Aim of the task:
What should come back is the data below, word for word, minus any picture.

Recorded information:

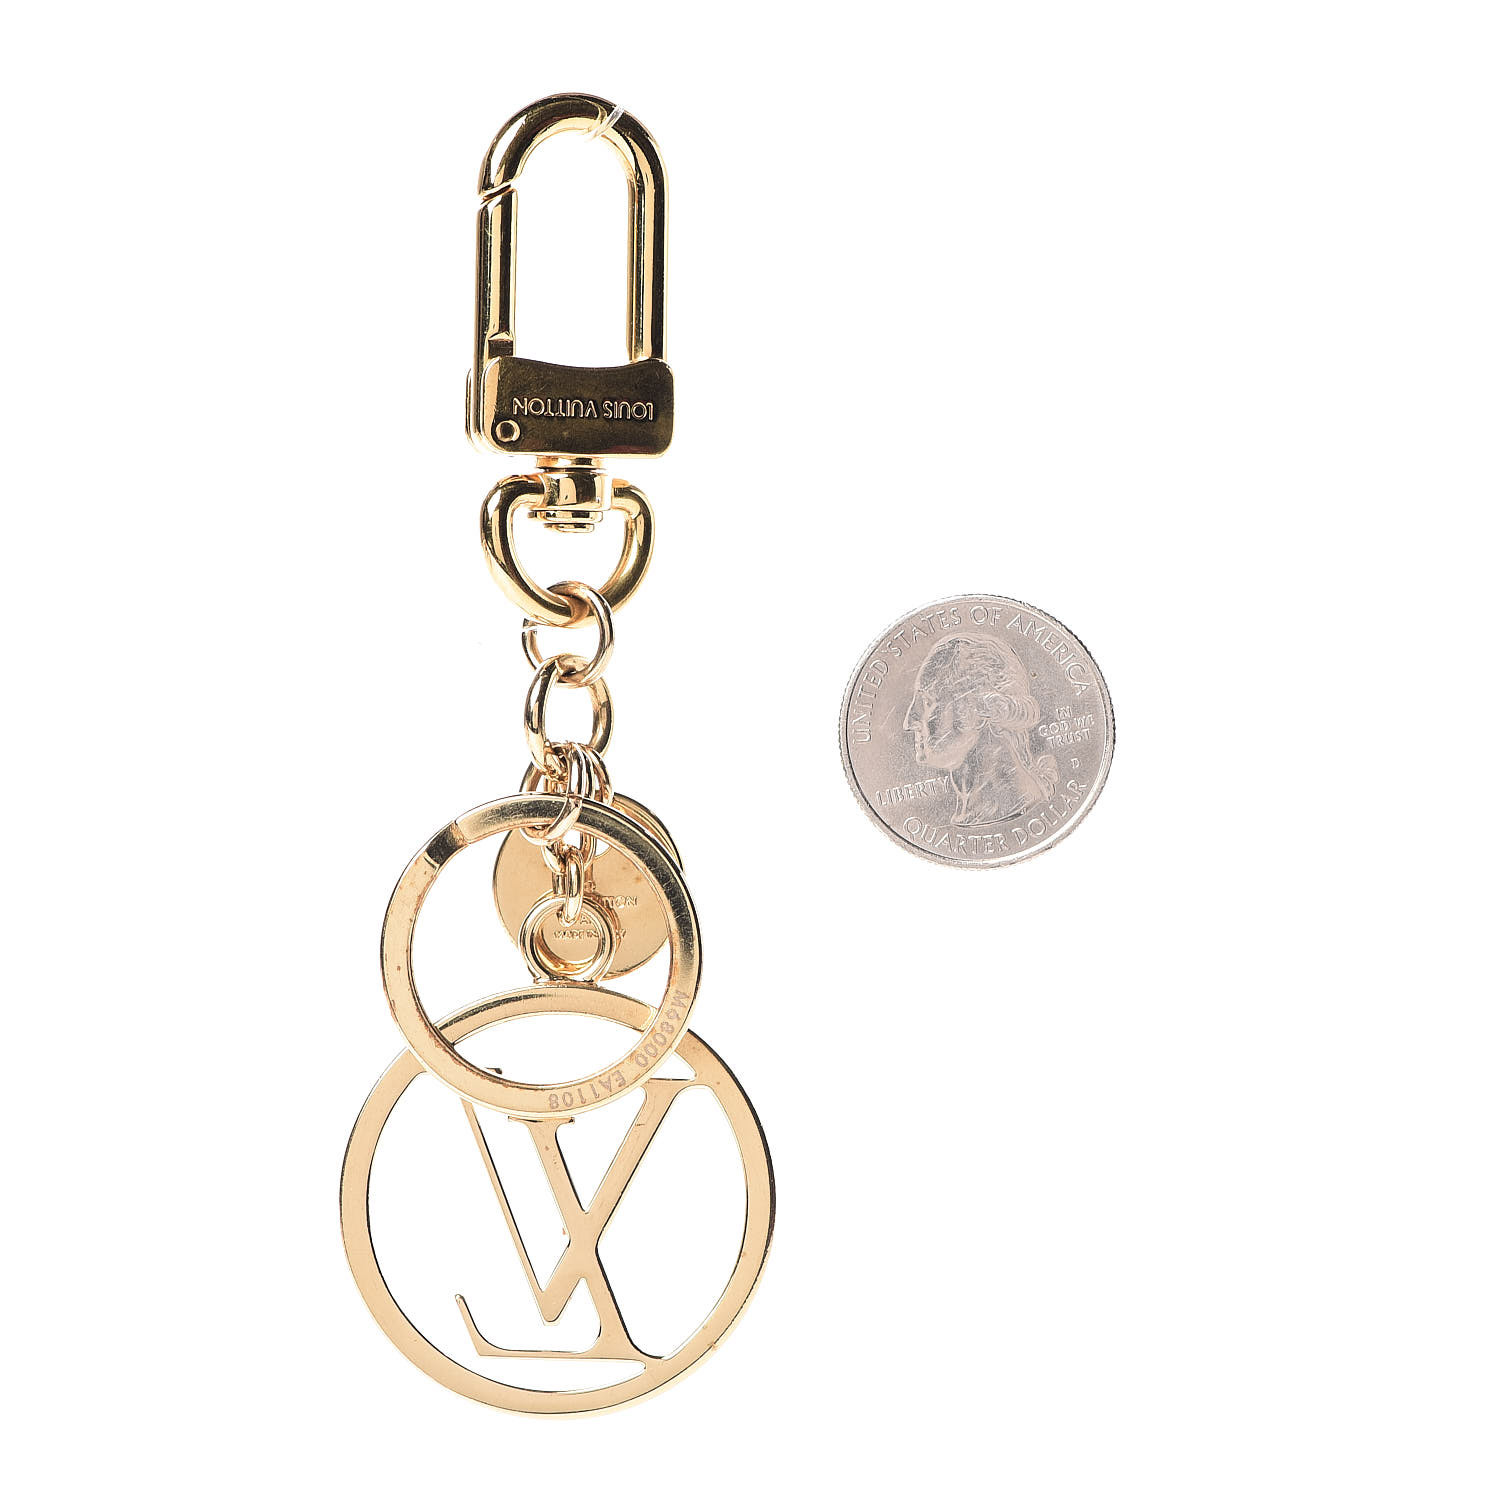 Lv Coin Purse Keychain  Natural Resource Department
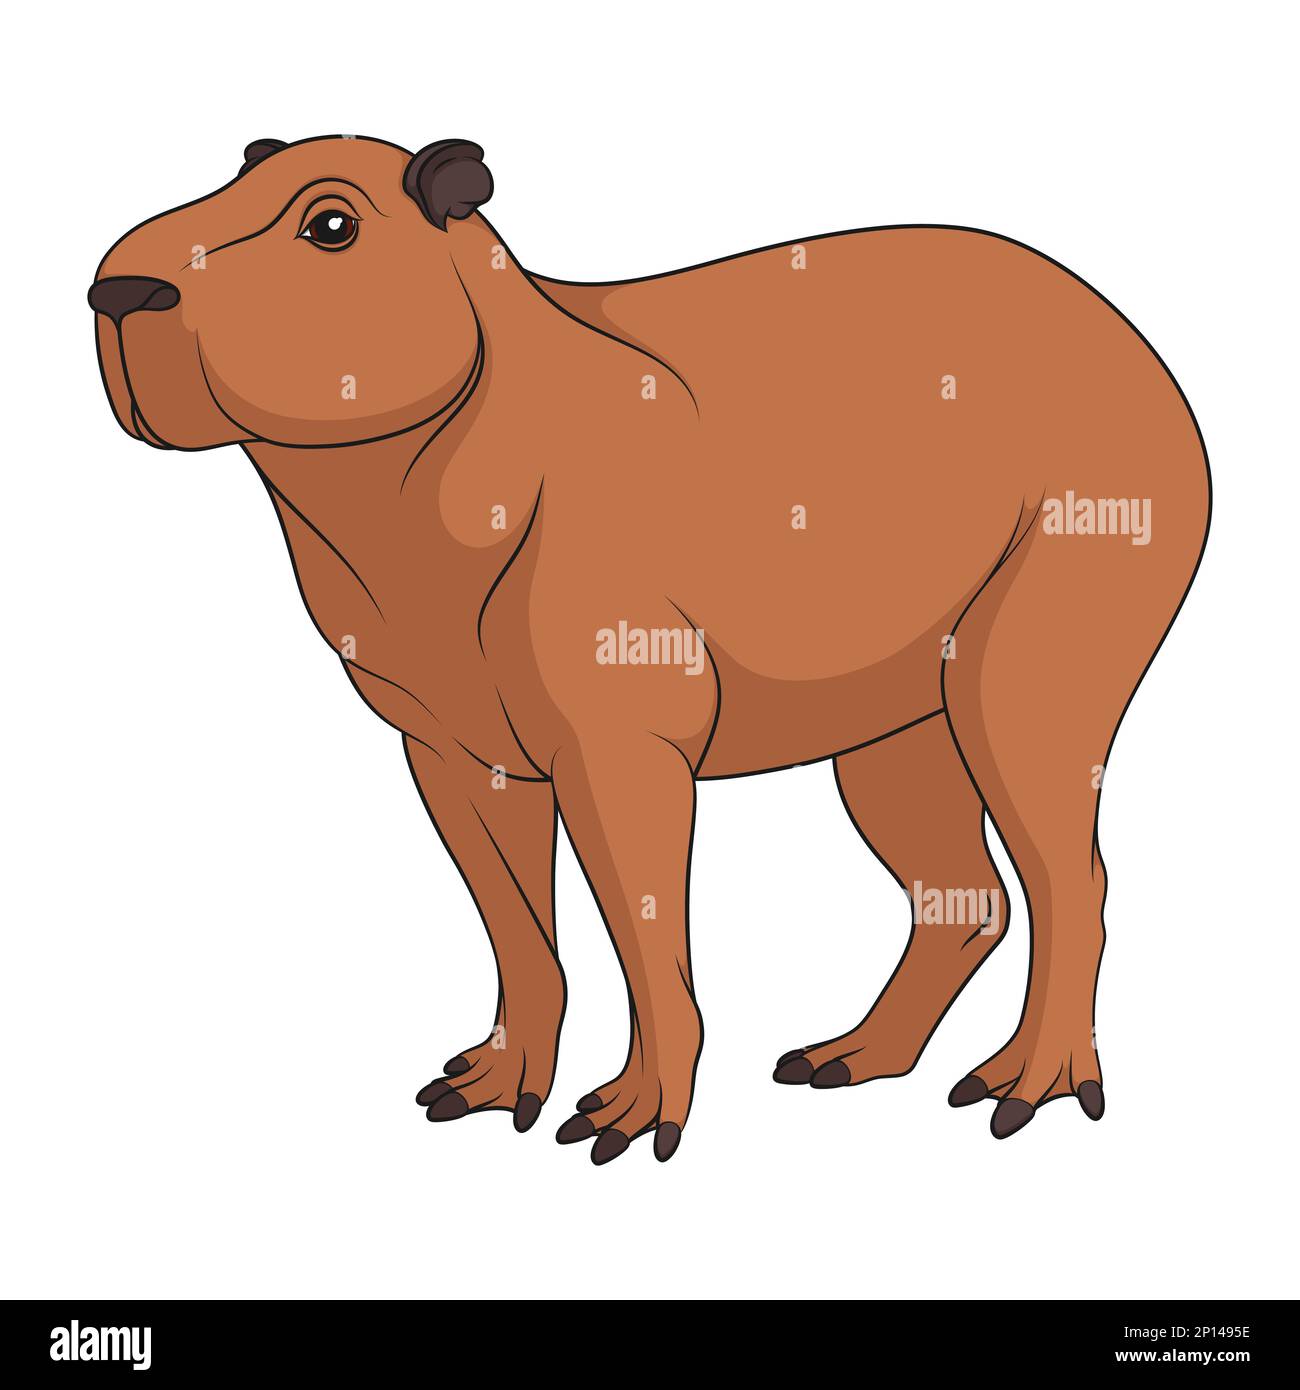 Сolor illustration with capybara. Isolated vector object on white background. Stock Vector
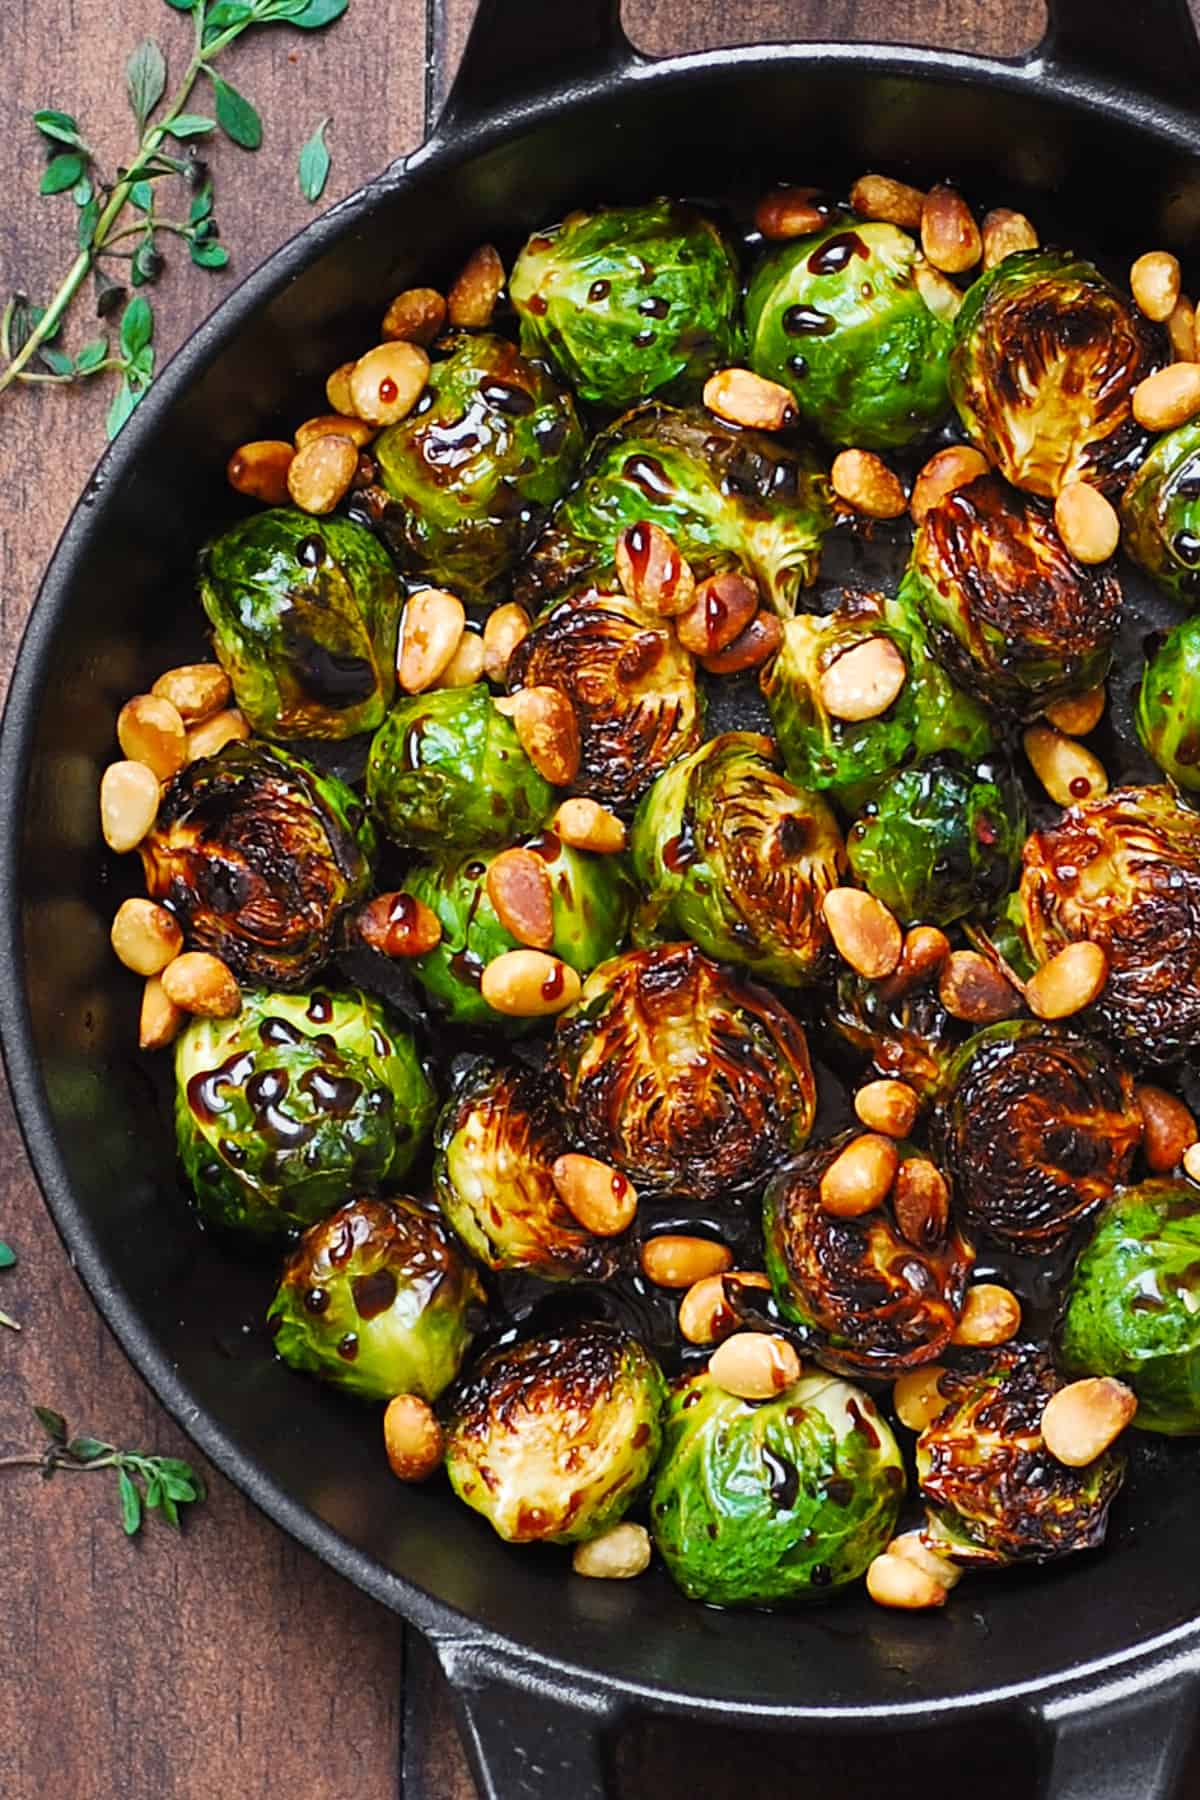 Balsamic Brussels sprouts with pine nuts in a cast-iron pan

Answer box:
 Lv Coin Purse Keychain  Natural Resource Department
 Сolor illustration with capybara. Isolated vector object on white background. Stock Vector
 Balsamic Brussels sprouts with pine nuts in a cast-iron pan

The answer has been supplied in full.